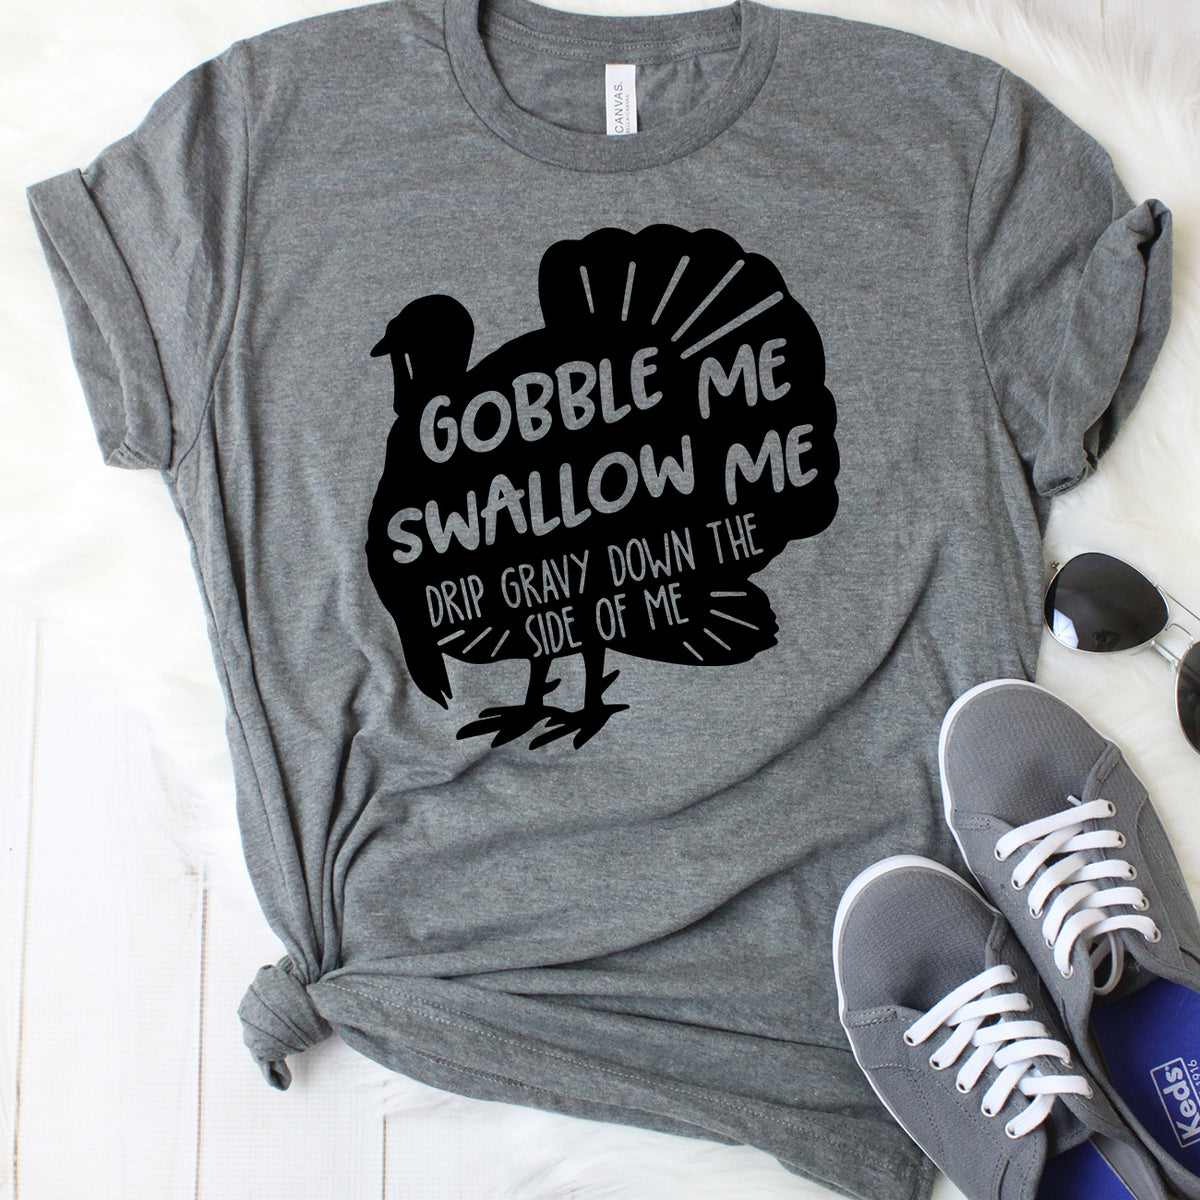 Gobble Me Swallow Me Drip Gravy Down The Side of Me T-Shirt
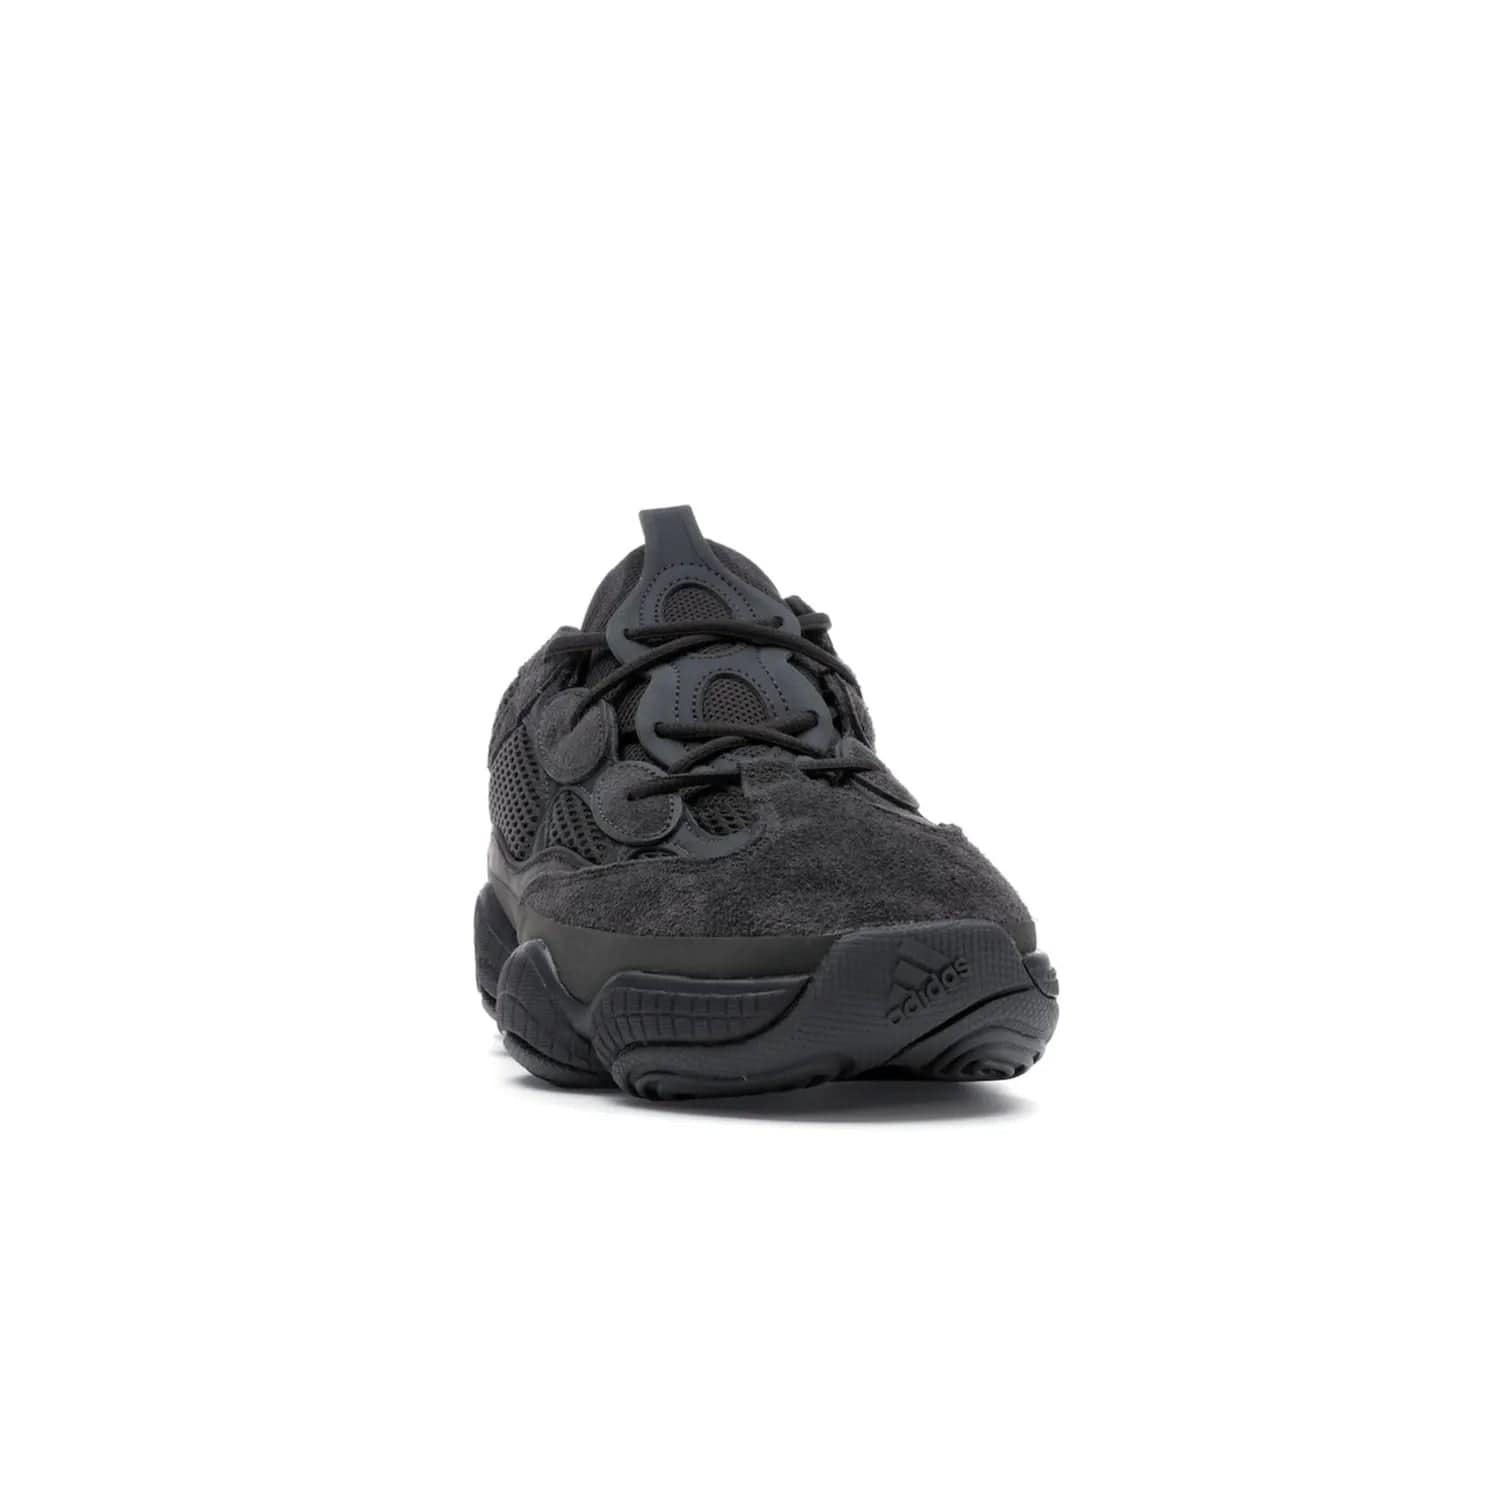 adidas Yeezy 500 Utility Black - Image 9 - Only at www.BallersClubKickz.com - Iconic adidas Yeezy 500 Utility Black in All-Black colorway. Durable black mesh and suede upper with adiPRENE® sole delivers comfort and support. Be unstoppable with the Yeezy 500 Utility Black. Released July 2018.
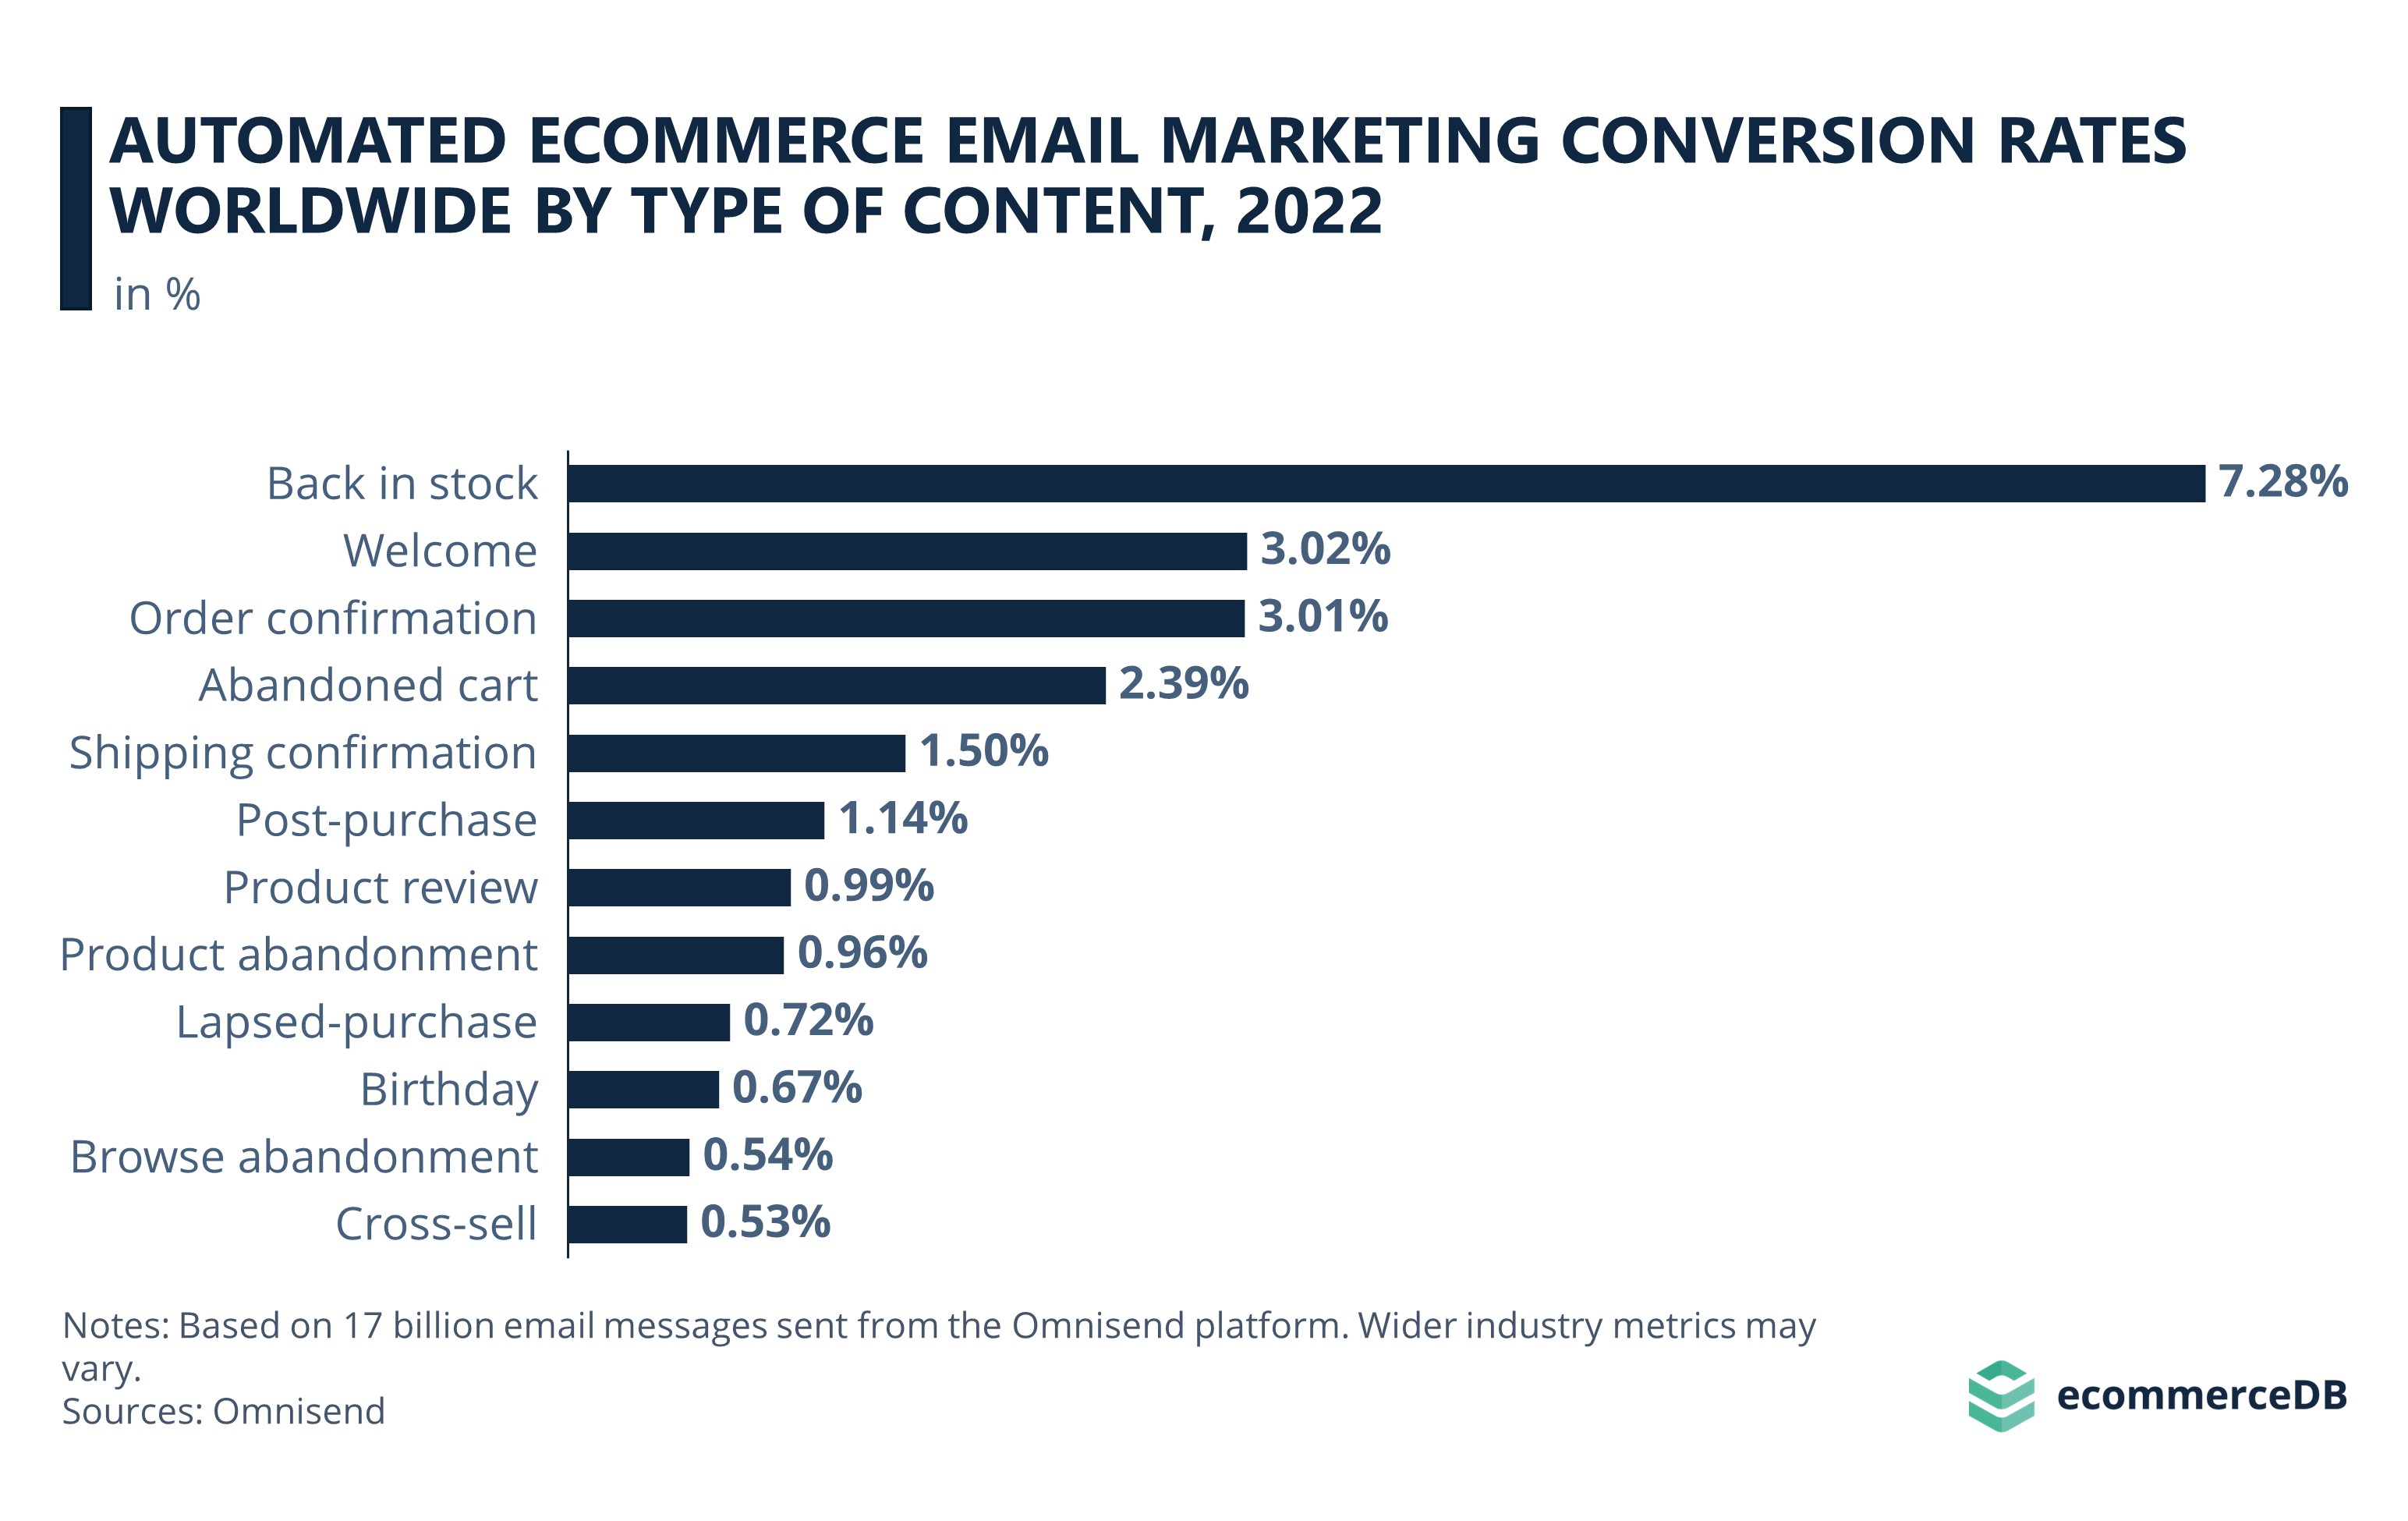 Automated eCommerce email marketing conversion rates worldwide by type of content, 2022

→ Task details
Set down the line containing "adidas Yeezy 500 Utility Black - Image" and every line after it up to the end of the material, exactly as written, but not the pictures.

→ Written answer
 adidas Yeezy 500 Utility Black - Image 9 - Only at www.BallersClubKickz.com - Iconic adidas Yeezy 500 Utility Black in All-Black colorway. Durable black mesh and suede upper with adiPRENE® sole delivers comfort and support. Be unstoppable with the Yeezy 500 Utility Black. Released July 2018.
 Automated eCommerce email marketing conversion rates worldwide by type of content, 2022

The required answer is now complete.